The skill converts input data (AnnData .obs/.var, pandas DataFrames, numpy arrays) into workbook sheets using openpyxl and dataframe_to_rows. It applies optional styling: header colors, borders, column width autosizing, and conditional fills for values like log2FC or percent mitochondrial.

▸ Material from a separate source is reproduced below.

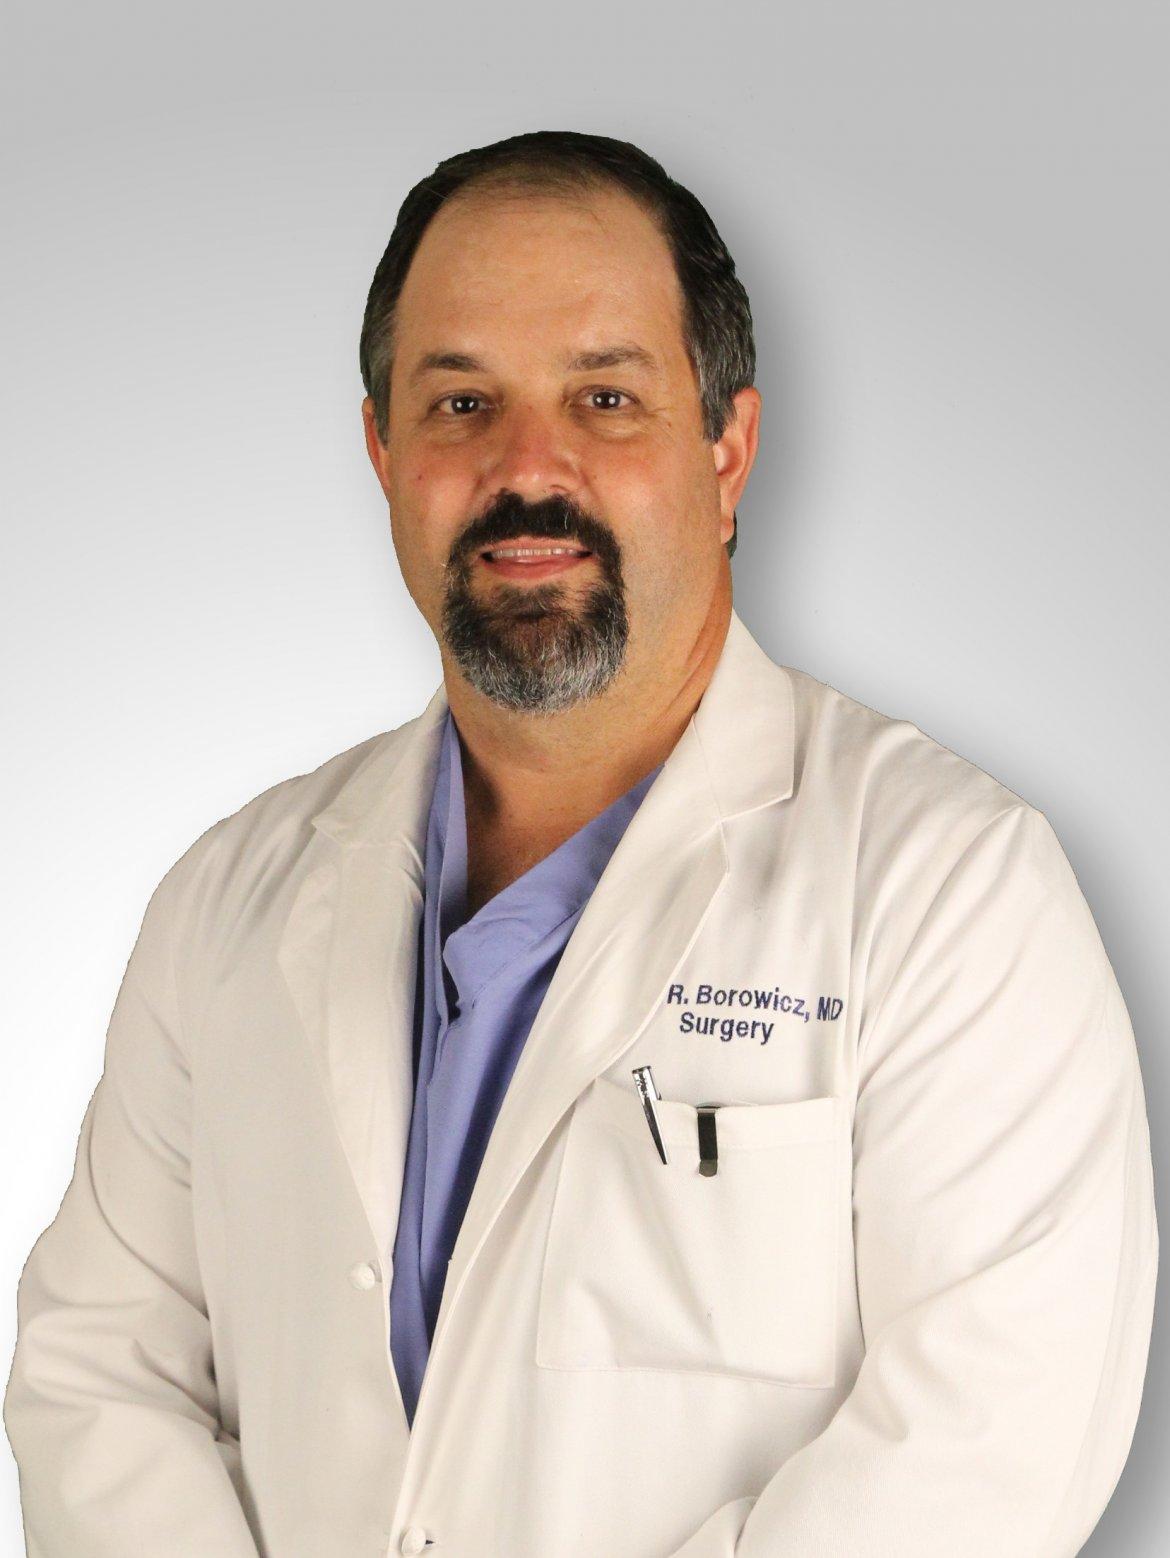 Mark R. Borowicz, MD, FACS

The workbook is saved to a local path; for very large tables the workflow falls back to chunked exports or CSV.

When to use it

Export AnnData observations (.obs) or variables (.var) to Excel
Save and style DEG results for sharing or publication
Build multi-sheet reports combining metadata, QC, and DEG tables
Generate Excel-ready marker gene lists per cluster
Highlight quality-control flags (high mito, low counts) with conditional colors

Best practices

Always include clear column headers in the first row
Convert numpy/pandas-specific dtypes to native Python types before writing
Limit heavy styling for very large sheets to reduce file size
Use absolute output paths and ensure the output directory exists
For datasets >100k rows prefer CSV or chunked Excel exports

Example use cases

Create a multi-sheet workbook with cell metadata, gene metadata, and DEG results for collaborator review
Export QC metrics and highlight cells with percent_mito >20% for quick filtering
Produce cluster-specific sheets listing marker genes for downstream validation
Format DEG tables with color coding for up/down regulation and save a publication-ready table

FAQ

What if openpyxl is not installed?

Install it with pip (pip install openpyxl) or use the provided subprocess install snippet before running exports.

How do I handle very large datasets?

For >100k rows write to CSV or export in chunks; Excel has a 1,048,576 row limit and large styled workbooks consume memory.